Banking Infrastructure

June 24, 2021

Ramiro Danieli

A “real-time payment” is a transaction in which funds are made available to a recipient – and taken from a sender – almost immediately when a user clicks “send payment” on their mobile app. This process involves several distributed systems: the user’s mobile payment app, the payment network service, the banking core system, and two internal PortX services – UserExperience and PaymentSettlements. This article will share how we designed and implemented a highly reliable “Send Payment” distributed business transaction based on the saga pattern using Apache Camel and Apache Kafka.

Defining the “send payment” process

We began by summarizing the high-level steps of the “send payment” use case:

Create a new UserTransaction object on the UserExperience service that records when a user has initiated a payment.
Call the banking core system to transfer the customer funds to a settlement account; fail the transaction if the customer doesn’t have enough funds.
Send the payment to the payment network. Once the payment network accepts the payment, it is irrevocable. At that point, the process is committed to completing the actual funds transfer to the receiving bank.
Record on the PaymentSettlements service that a payment was sent to the Payments Network.
Update the User Transaction at the UserExperience service.

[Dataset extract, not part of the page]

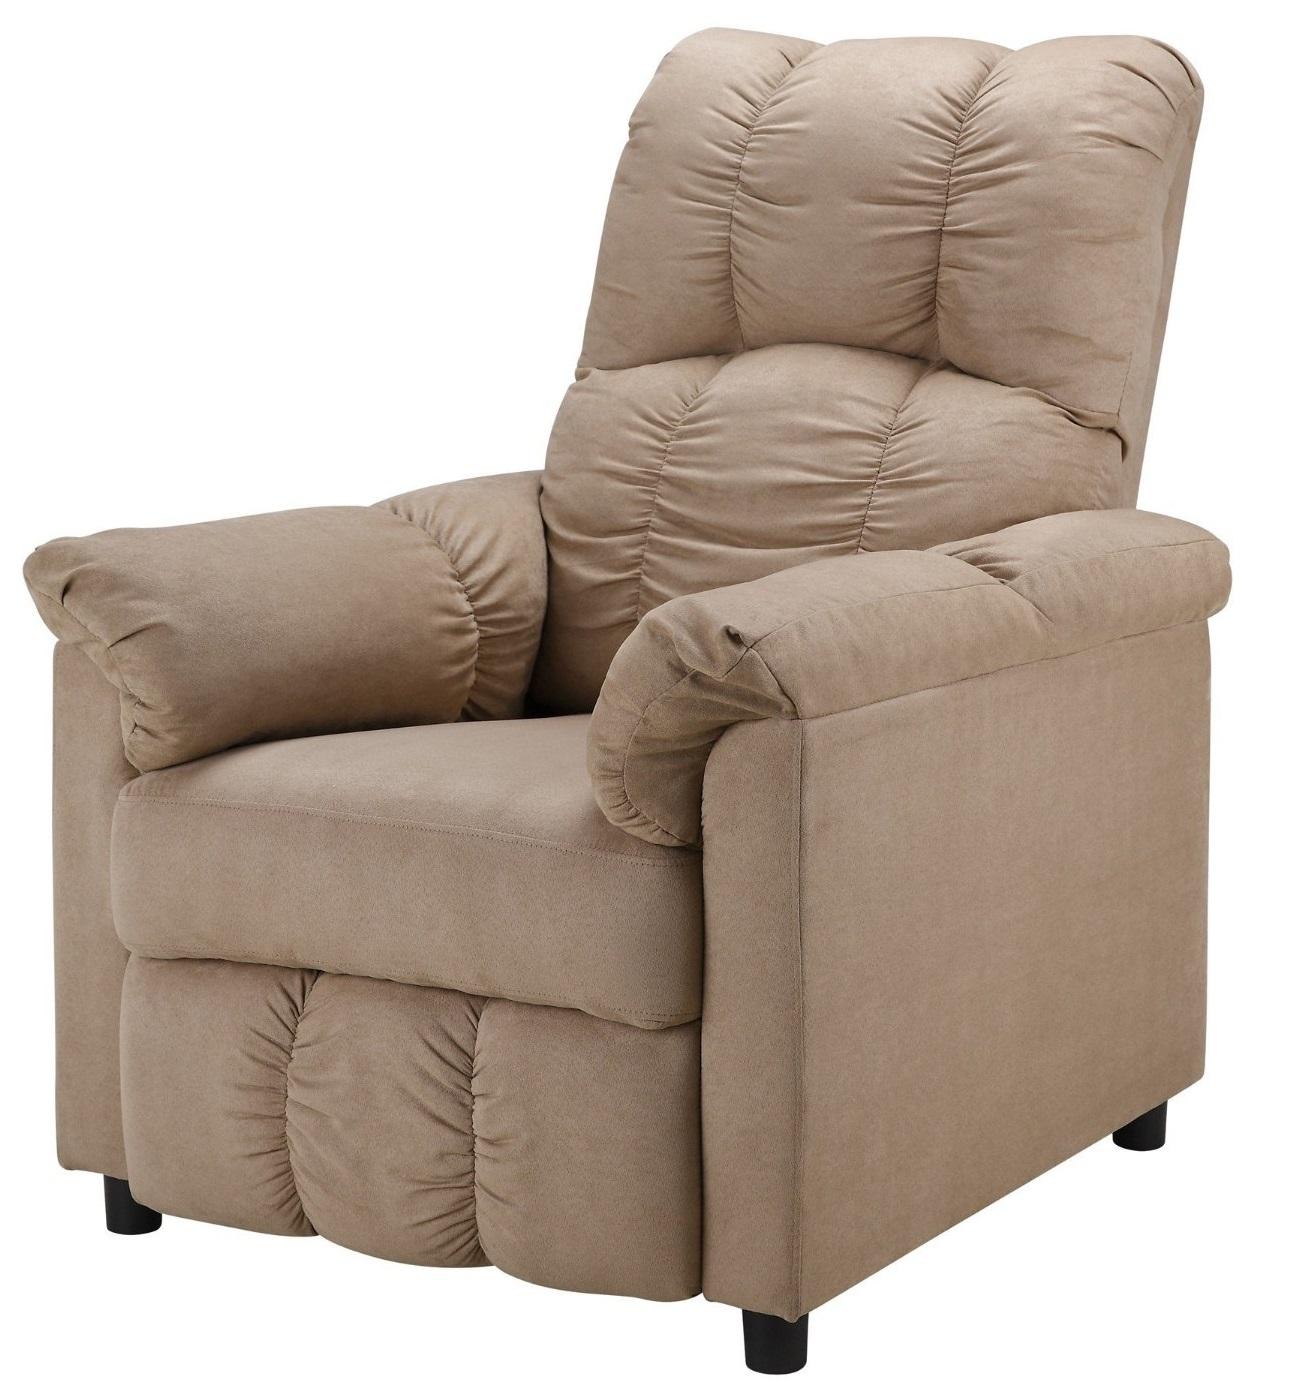 Slim Recliner Chair Nursery  imgbbcom

Diagram showing the interaction between the involved systems

Conceptually, these steps form a business transaction. It’s important that all of the steps are performed. Whether the process is successful or an error occurs, the system must remain in a consistent state. Otherwise, the process could result in some undesirable outcomes. For example, the process must ensure that:

If the payment can’t be sent through the payment network, funds are not held indefinitely.
If the payment is added to the payment network, funds are transferred to the receiving Bank.

Since the flow involves distributed services that are out of our control and microservices that possess their own storage, we can’t implement a distributed transaction using two-phase commit (2PC) or similar protocols that require the participants to apply a prepare-reserve/commit protocol with a centralized coordinator.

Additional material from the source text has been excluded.